What’s been the biggest business challenge you’ve overcome?

We pivoted our product and slimmed our team. Both have been positive changes.

We started with a product, Kinecho, that aimed to help older adults record their memories, stories, and legacies.

Kinecho had difficulties selling, despite dozens of different distribution and business models. But what demoralized the team was that our handful of customers wouldn’t use the product for more than a few of days. Fortunately, we noticed something that led to Cactus: https://medium.com/@ryyyan/heres-one-way-to-pivot-3aa8b842d140

When we made this pivot, two co-founders left.

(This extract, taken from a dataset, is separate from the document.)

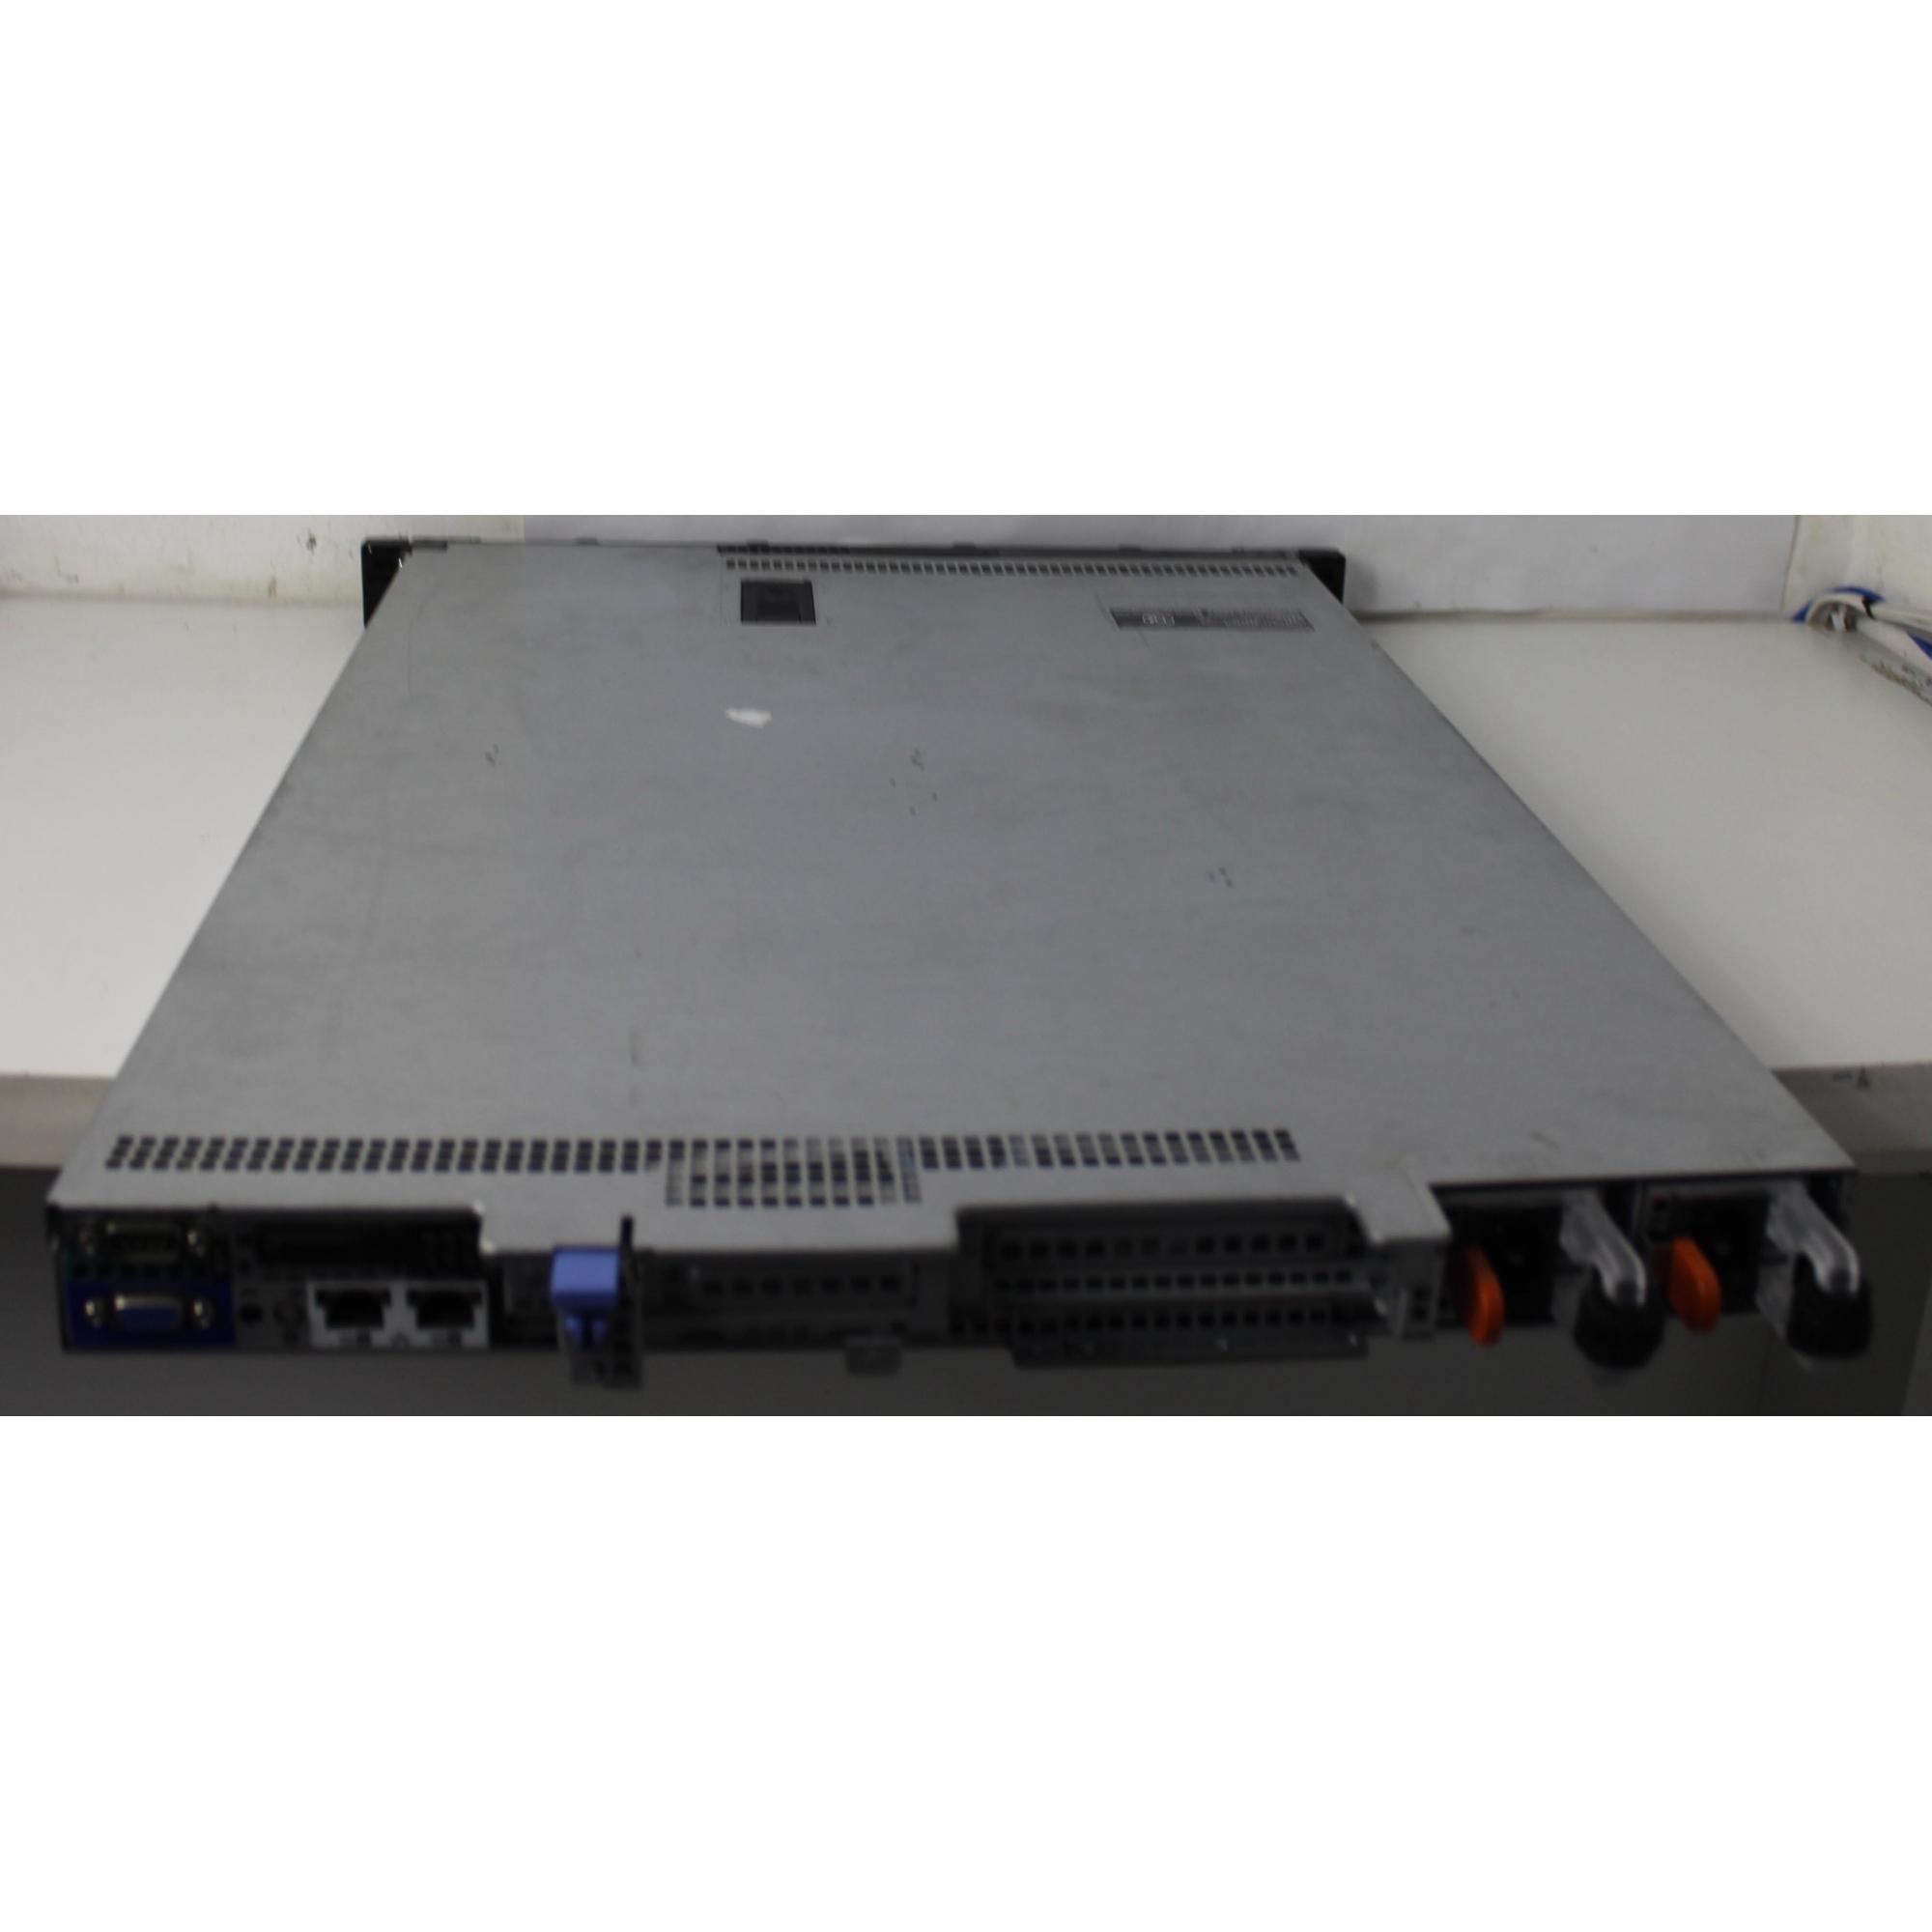 Servidor Dell Poweredge R330 Intel Xeon 3GHz 16GB HD-1TB (Não Enviamos)

At the time it felt like a big challenge, but with those departures, communication, velocity, and morale improved.

Do you have any advice for other entrepreneurs?

Two things.

First, when sourcing and selecting co-founders, it’s not enough that they help you round out knowledge or skills of the team. They also need to share your values. 

You want your team to be diverse in every way. Except values. If you have a conflict of values, you will have a hard time making tough decisions. Your values are not just a list of words, they’re a rubric against which you should make every difficult decision.

If your team is not actually aligned on these, you’re going to risk a fracture with every turn of your startup or company.

Second, it’s common in product to talk about the problem vs. the solution. But we’ve found it’s important to go a step deeper than identifying the problem. When we had to prove that the problem was a real problem, it was far harder to lie to ourselves. How did we know when a problem was a real problem? 

A problem is real when you can identify people spending time or money, and ideally both, to address or resolve the problem. If people are not already doing this, it’s probably not a real problem.